The next morning we went horse-riding. After that we took a cab to San Jose, with the intention of touring the Hanging Bridges Park that was about 15 minutes away.

I was a bit apprehensive about going there, given my prior experience. But the broader and sturdier bridges at this location made crossing them easier. The views were nothing short of spectacular. And, as we were boarding our cab, we were lucky enough to catch Arenal out of the clouds.

SAN JOSE: Through driving rain and slippery roads, we safely reached San Ramon, on the outskirts of San Jose. There we took the famed Inter-American highway that connects North America with South America and goes through the Panama Canal.

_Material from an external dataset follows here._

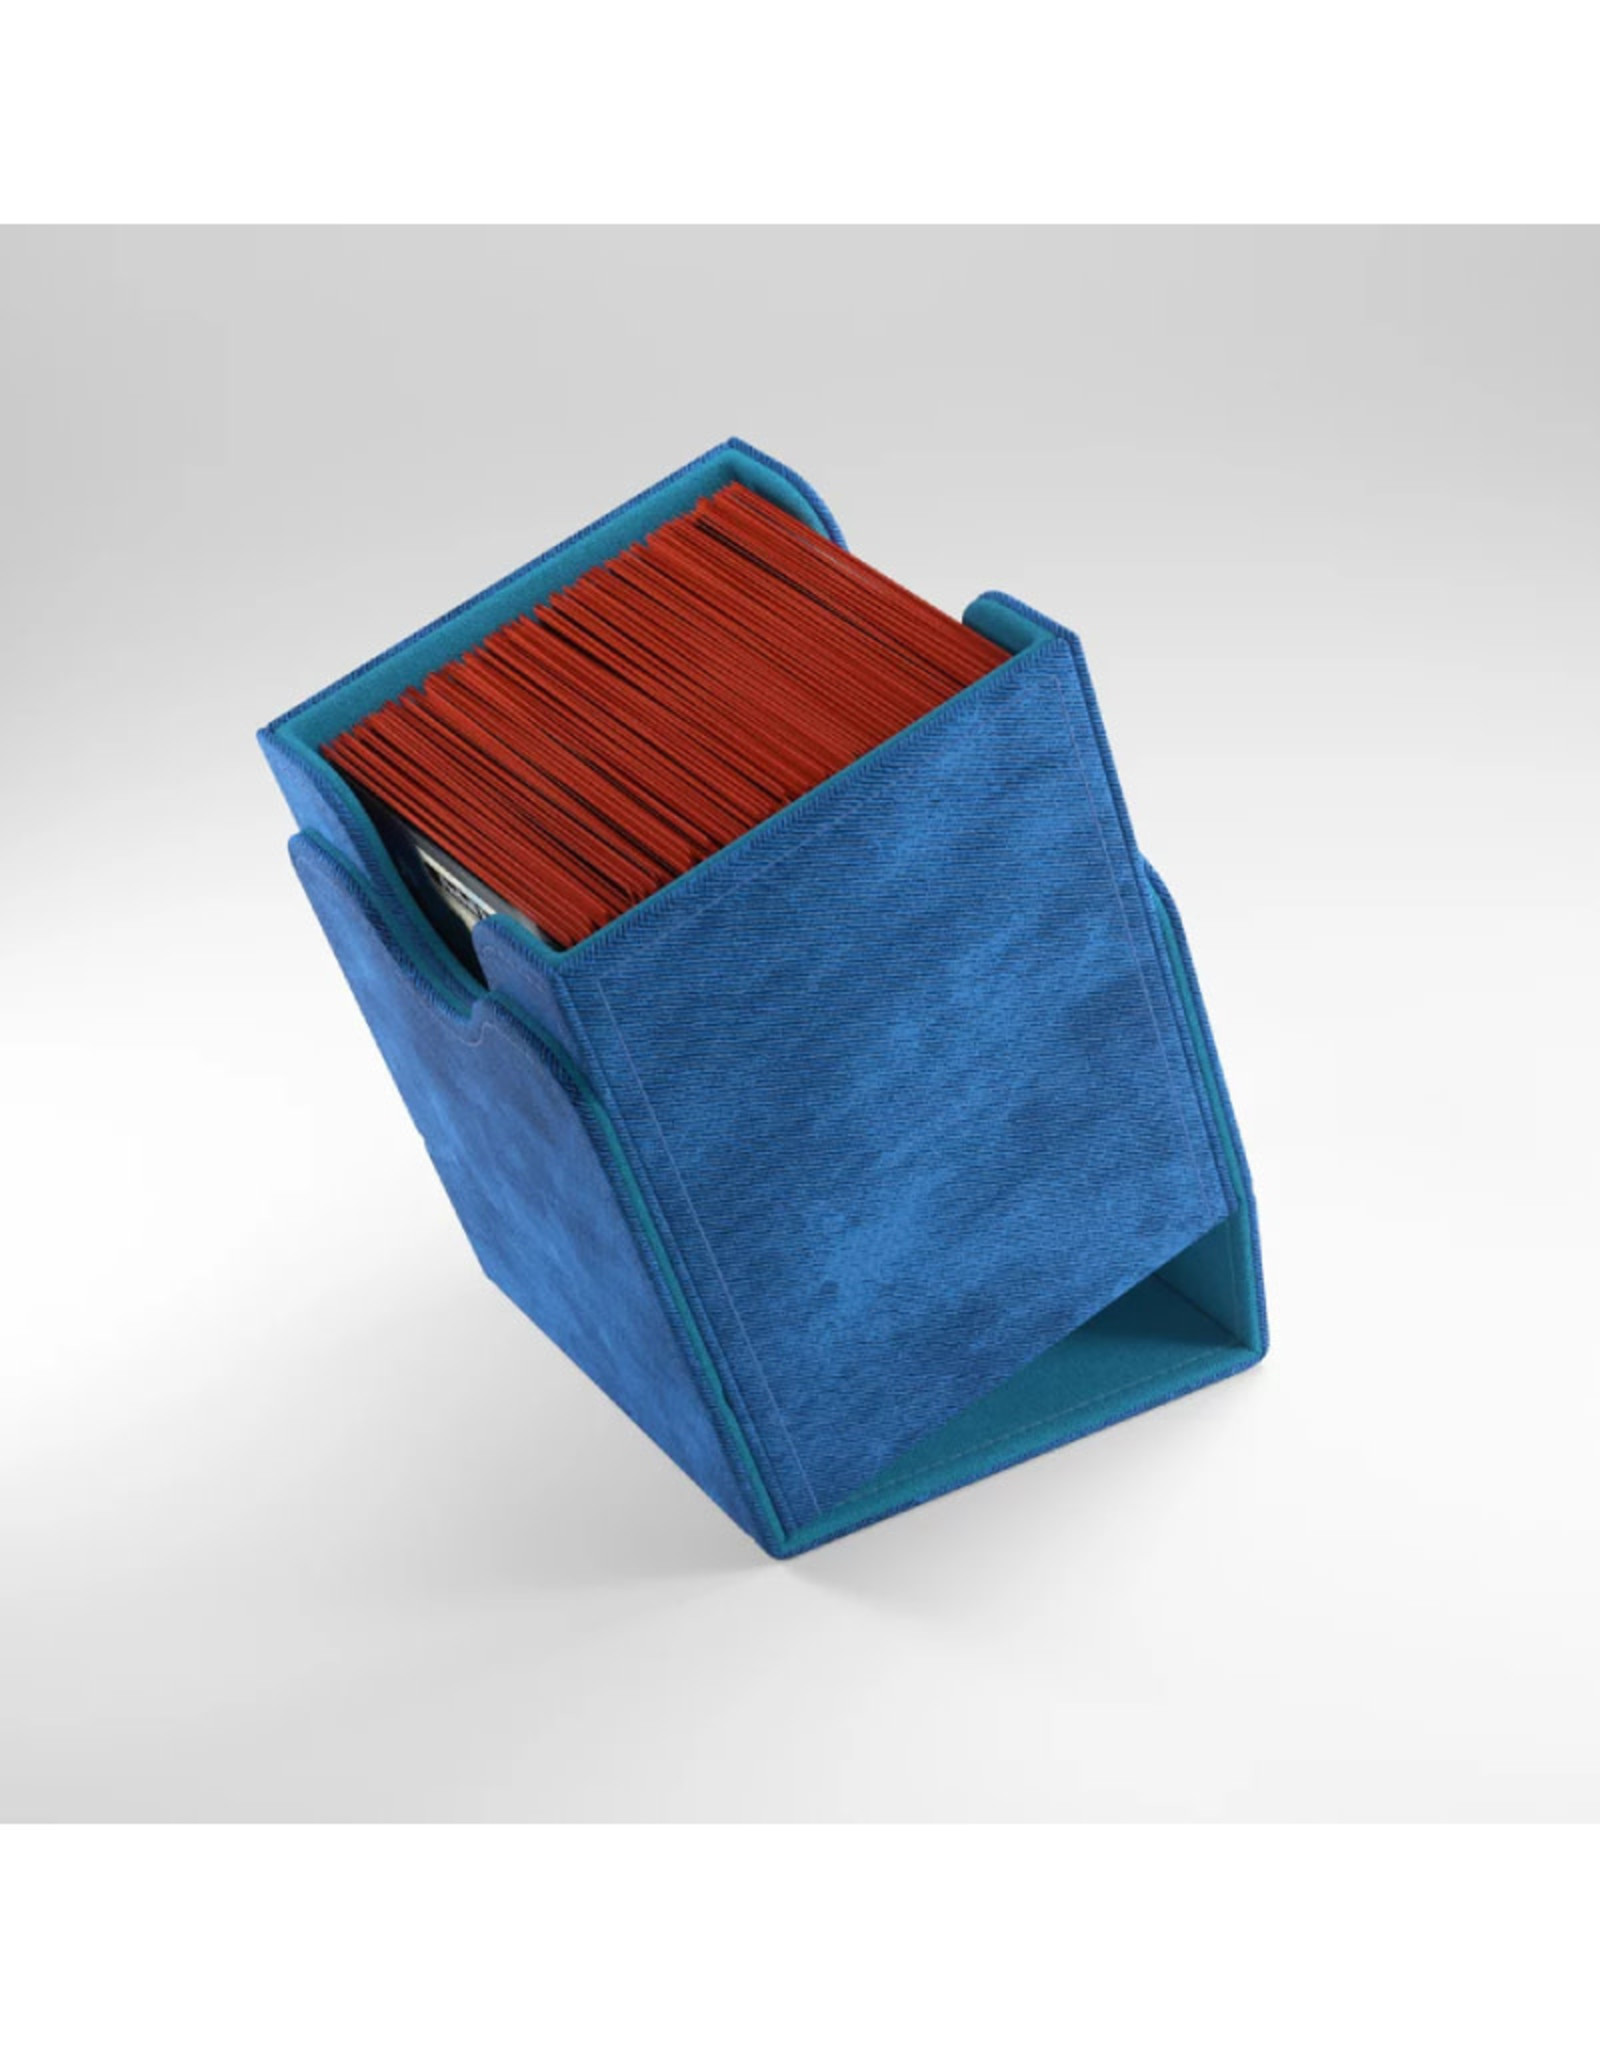 Deck Box: Squire XL 100+ Blue

The beds in our hotel had mosquito nettings on them, enduing the cabins with a safari air. There were no TVs or phones in the cabins.

When dawn broke, we got our first daytime view of the canyon that lay adjacent to our banana and coffee plantation. It was very deep, like a ravine, and was heavily forested. Now we understood why sloths and monkeys were known to have taken away food and other items from unlocked cabins.

We hiked along the creek that eventually went over a cliff and became a wonderful and scary waterfall. Thereon, it was the city of San Jose.

We could not see any of the downtown museums because a post-Christmas Carnival was going on there. Instead, we got to see a children’s museum. There is a little kid in all of us and we amused ourselves with the historical, geographical and scientific exhibits inside. In particular, we got to see a live boa constrictor and a live coral snake. Near the entrance there was a blooming flamboyant tree, whose sight transported my wife and I back to our teenage years in Karachi.

To close off the tour, we went to see a multi-level shopping mall in Escazu. The shops were very much like what one would find in an American mall, except that the prices for most American products were higher than in the US, not an uncommon occurrence. While looking for CDs with Latin American music, we were pleasantly surprised to discover CDs of Nusrat Fateh Ali.

After our long flight home to San Francisco, we were all hungry for real Pakistani food, having had nothing but seafood and vegetables during the past week. We stopped at Shalimar in San Francisco, a noted Pakistani eatery, and feasted on spicy seekh kababs, naans, chaney key daal, tandoori chicken and biryani. It was a nice way to round off the journey.